Sampling, DNA and RNA extraction and sequencing
We sampled two Balearic shearwater adults and one chick. Adults were sampled on Sa Cella colony, Mallorca (male) and on Sa Conillera, Eivissa (unsexed) in 2004, while the chick was sampled on Conills islet (Mallorca) in July 2019. From here on the animals will be referred to as male-Mll, unsexed-Ei and chick-Mll, respectively. Special permits to obtain the samples were issued by Conselleria de Medi Ambient, Agricultura i Pesca (Govern de les Illes Balears, Spain).
We extracted DNA from blood samples preserved in absolute ethanol for both adults. The DNA extraction for the male-Mll was performed with DNeasy Blood & Tissue Kit (Qiagen) following the manufacturer’s instructions, and with Blood & Cell Culture DNA Mini Kit (Qiagen) for the unsexed-Ei. RNA was extracted from the chick-Mll’s blood cells preserved in RNAlater 1:5 using the RNeasy Mini Kit (Qiagen) according to the manufacturer’s protocols. We performed the quality control with gel electrophoresis and NanoDrop One (Thermo Fisher Scientific, Waltham, MA, USA), and the quantification with an Invitrogen Qubit Fluorometer 2.0 (Broad Range kit).
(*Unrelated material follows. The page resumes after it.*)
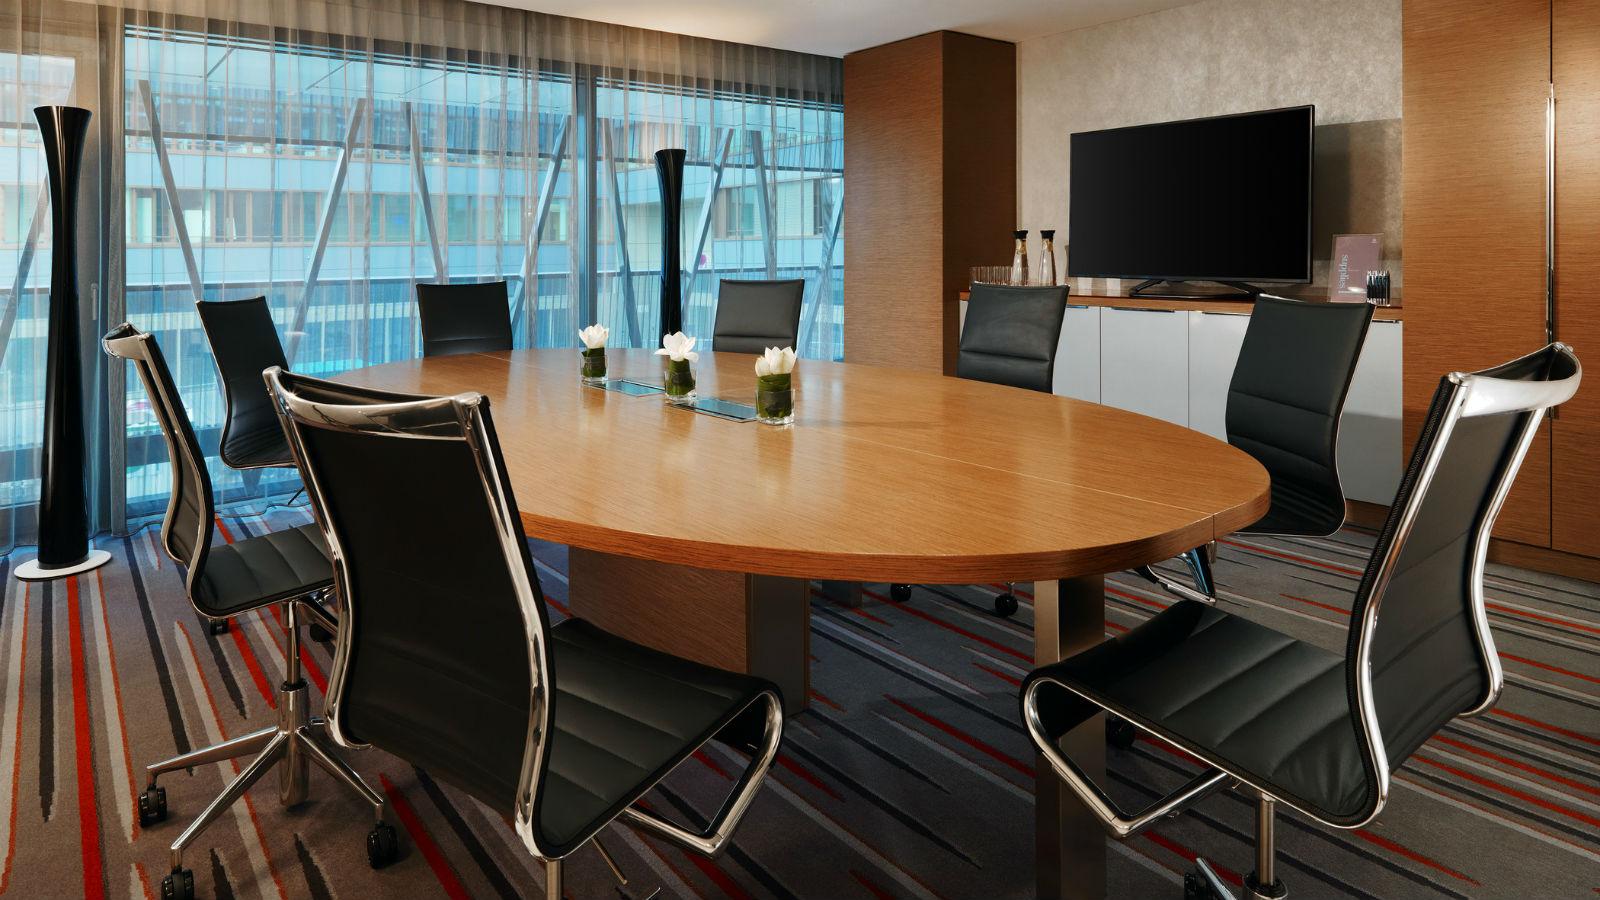 3732-Sheraton-Zurich-Hotel-Meeting-Boardroom-Kreis-5-1600x900
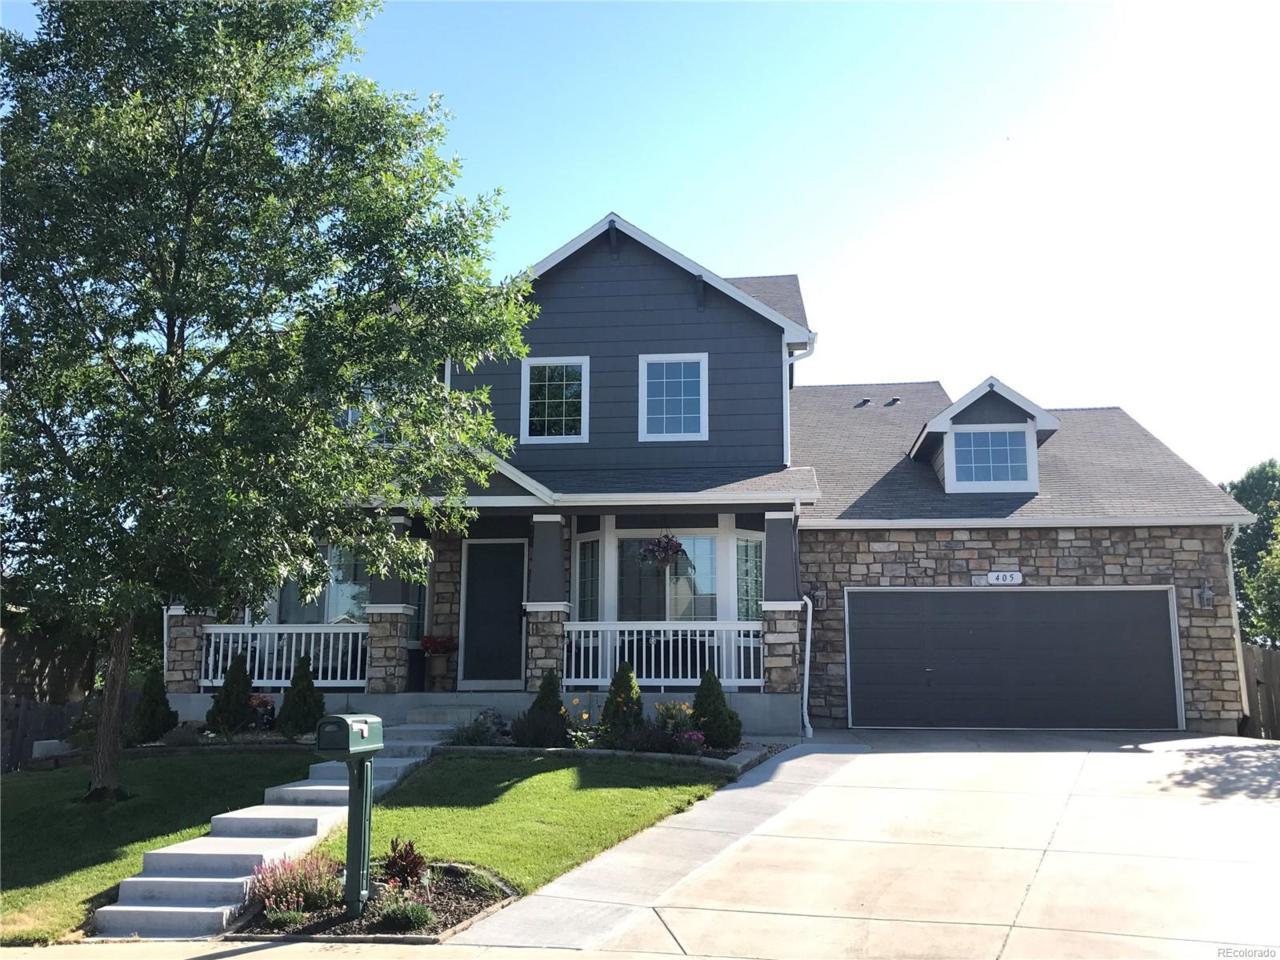 405 Buena Vista Court, Brighton, CO 80601 (MLS #8669541) :: 8z Real Estate

We obtained the reference genome combining short-read and long-read sequencing libraries, and using RNA-seq data to assist with the annotation. First, an Illumina TruSeq DNA PCR Free library (insert size = 350 bp) was prepared by Macrogen (South Korea) using DNA from male-Mll, and sequenced using two HiSeq X Ten runs (2x150bp). Second, long-read libraries were prepared, from the DNA of unsexed-Ei, using the Ligation kit SQK-LSK109 1D from ONT (Oxford Nanopore Technologies) (N50 of 9431 bp) at CNAG (Centro Nacional de Análisis Genómico, Spain) and sequenced through five runs of MinION on FLO-MIN106 flow cells. Third, we prepared RNA sequencing (RNA-seq) libraries from the chick-Mll’s RNA using the TruSeq RNA Sample Prep Kit v2 with Ribo-Zero, and we sequenced the libraries on a NovaSeq 6000 (2x100bp) (Macrogen, South Korea).